Please don’t take this personally or thoroughly to heart,
But
I hate you.

And I would rather not play the blame game
or point fingers at who tore whom apart.

I just miss you an irritating amount
that I’m sure will be alleviated as time inflates.

I constantly make these illogical attempts
to locate you in my memory and press erase,
But every time I try,
a new connection is formed and takes its place,
Resurfacing your face,
An obnoxious amount that leaves me in my present state.

I entertain the thought that maybe I’m doomed,
and you were the one that got away.
But I also acknowledge that billions of people
are on the planet,
and someone out there could be just as great.
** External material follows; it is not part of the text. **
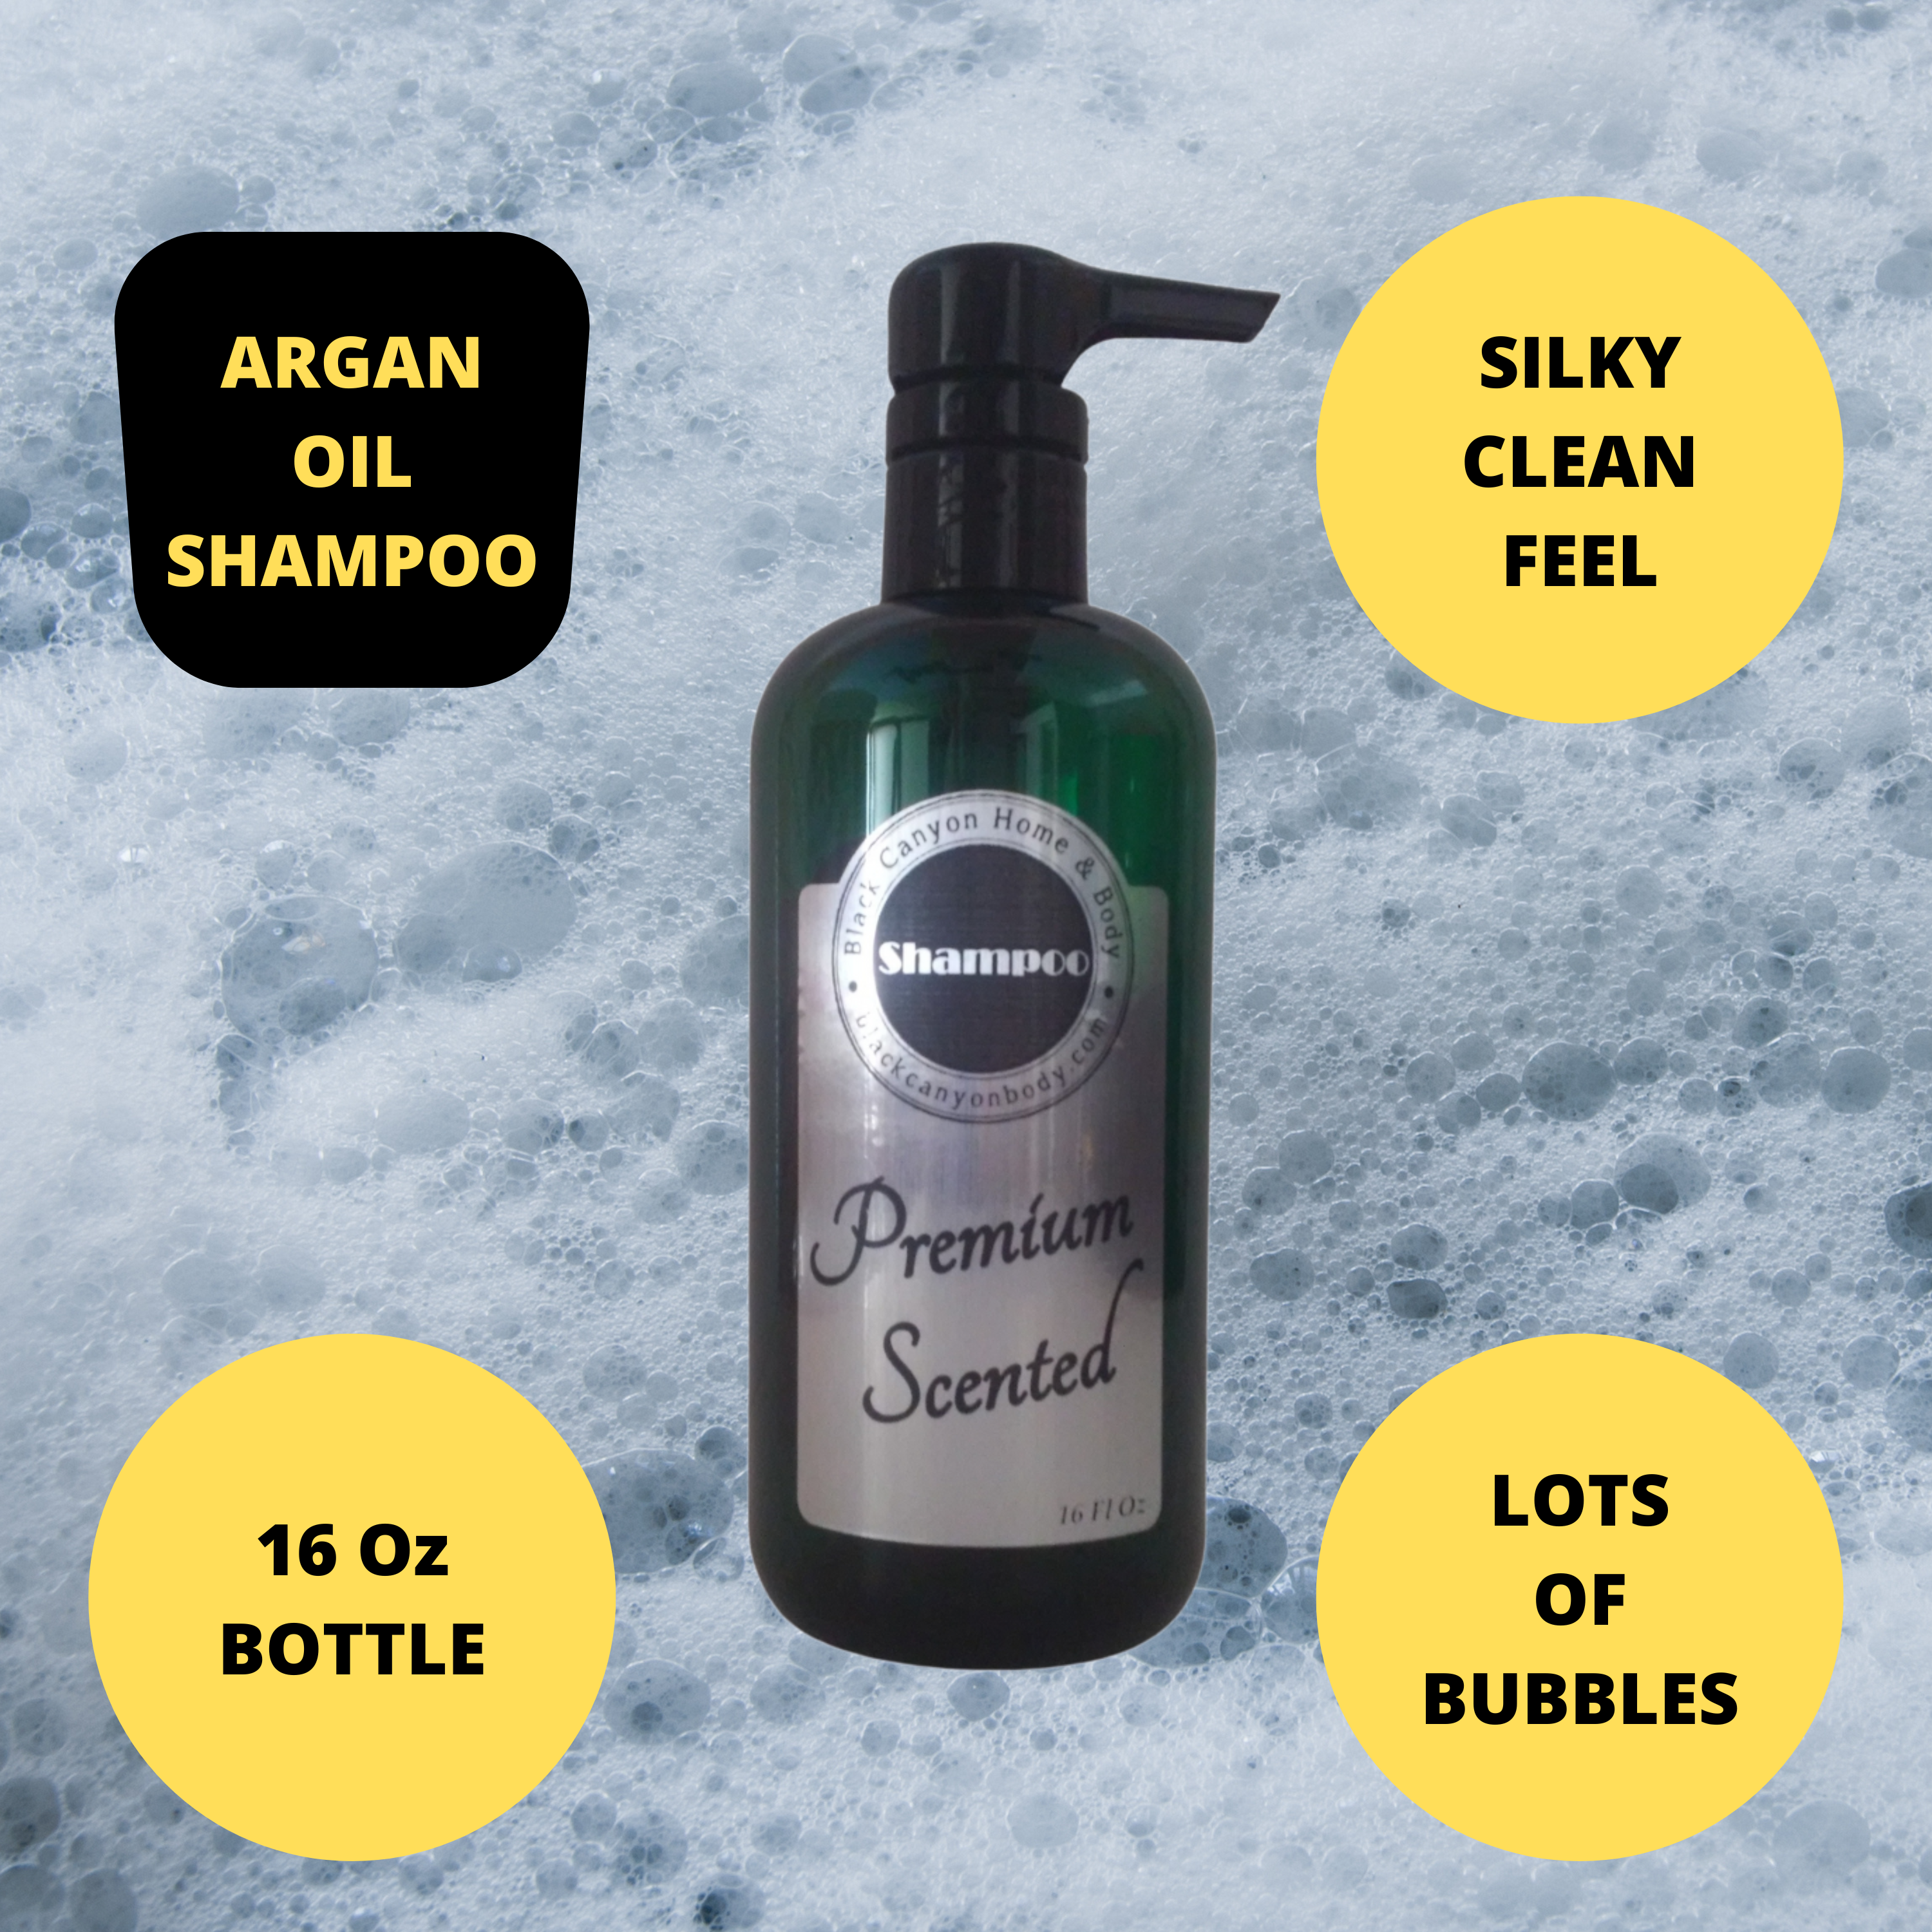 Black Canyon Fortune Cookie Scented Shampoo with Argan Oil
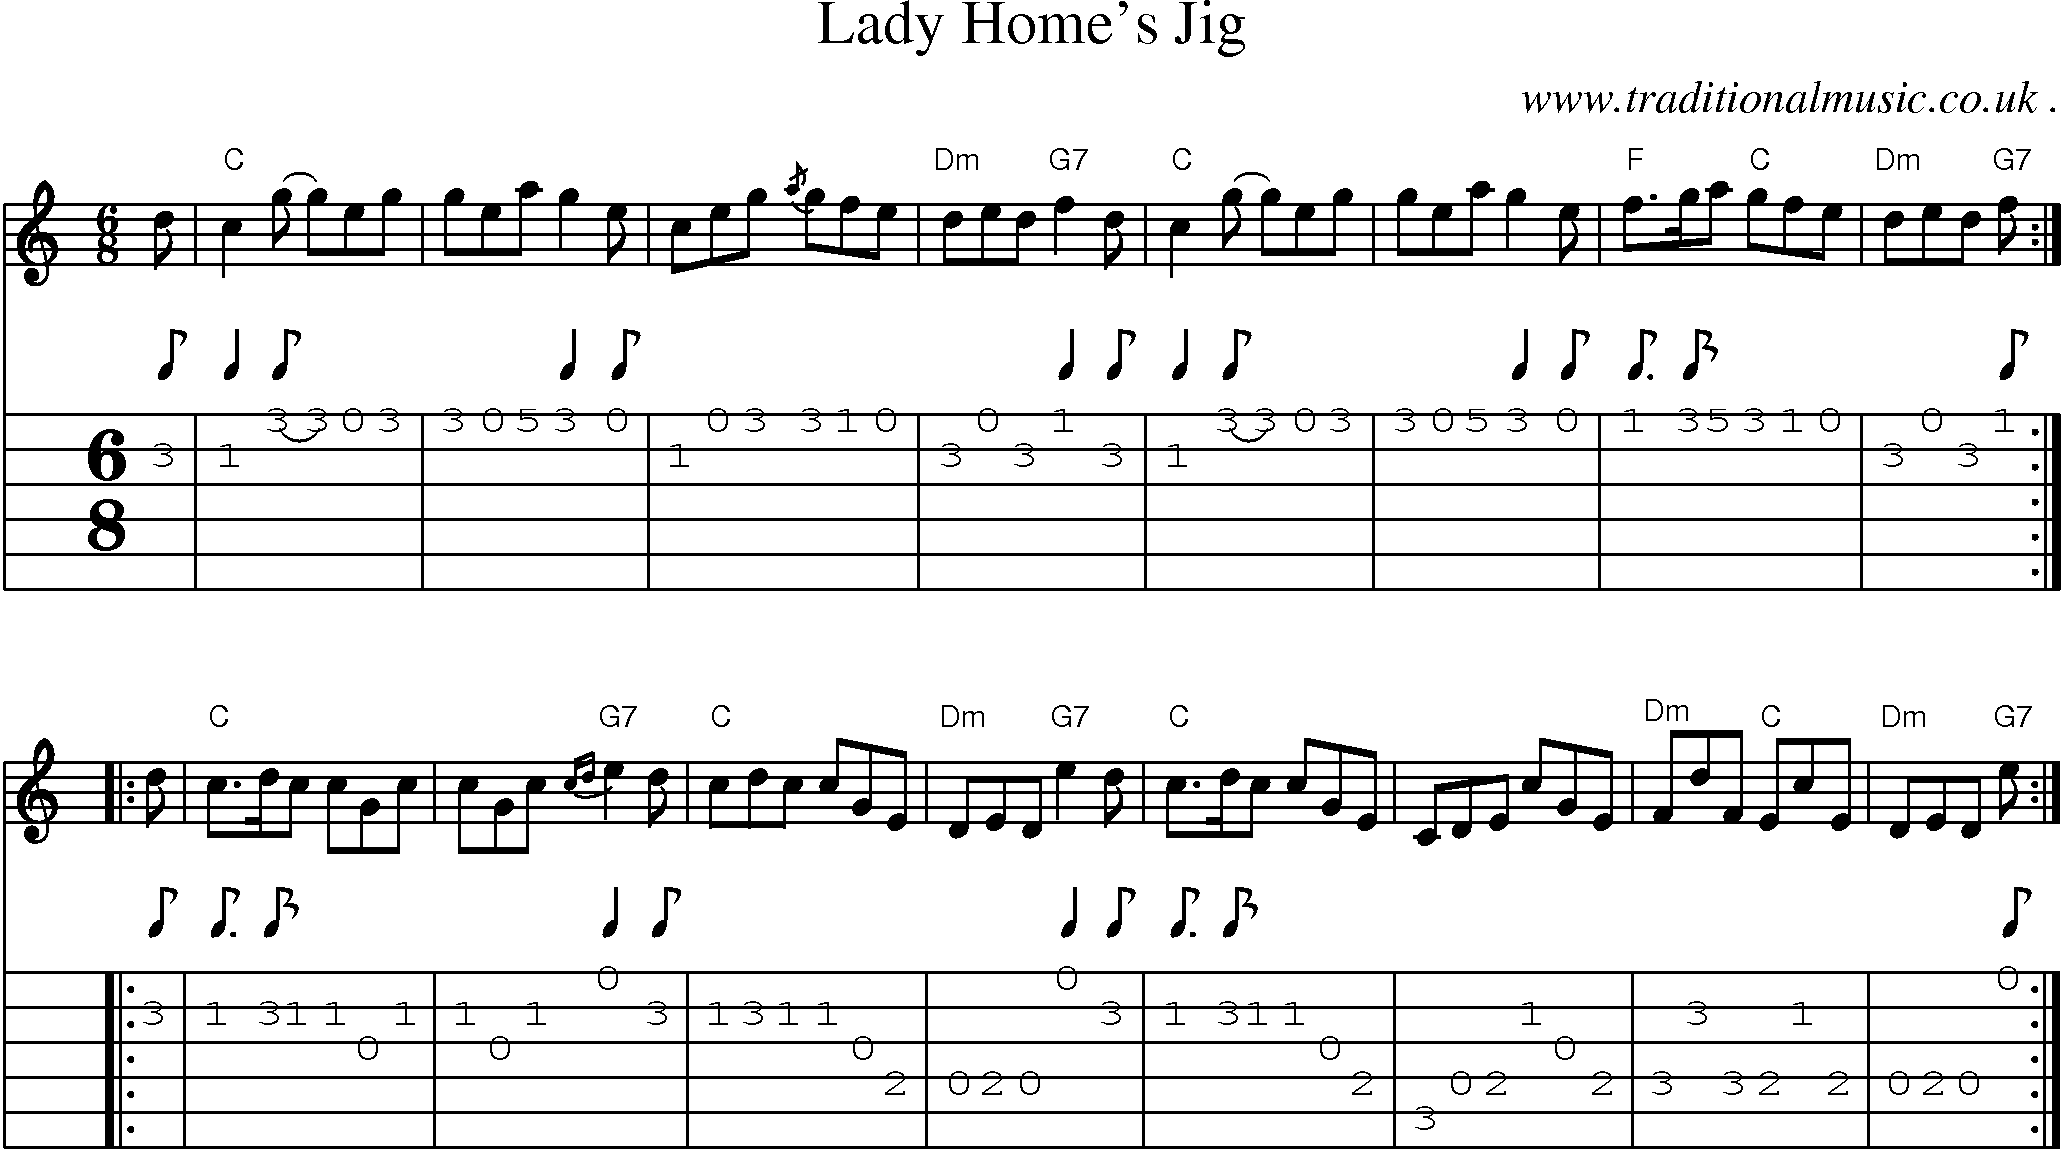 Sheet-music  score, Chords and Guitar Tabs for Lady Homes Jig

Part of me doesn’t want to invest the time
because I was satisfied with how we played.
So maybe in the end,
we were meant to be delayed.

But you tell me.
I lost touch with who you are.
I wasn’t totally as honest as I could have been
or as I was in the start.

I mean…
You weren’t either,

But it’s nothing we can’t restart
Because at this point,
I may be willing to forgive any hurt in my heart.

I search and wait,
hopefully for a subtle sign
or a light bulb of some sort
that could tell me we would be just fine.

I guess I’m being silly.
I must be completely out of my mind
because realistically speaking,
I can’t count how many times
I’ve attempted to reconnect for the sake of our minds,

or maybe
just mine.

I can take the hint,
But I struggle to solve the rhyme
because no one told me
when you fell in love,
you would be eventually forced to climb.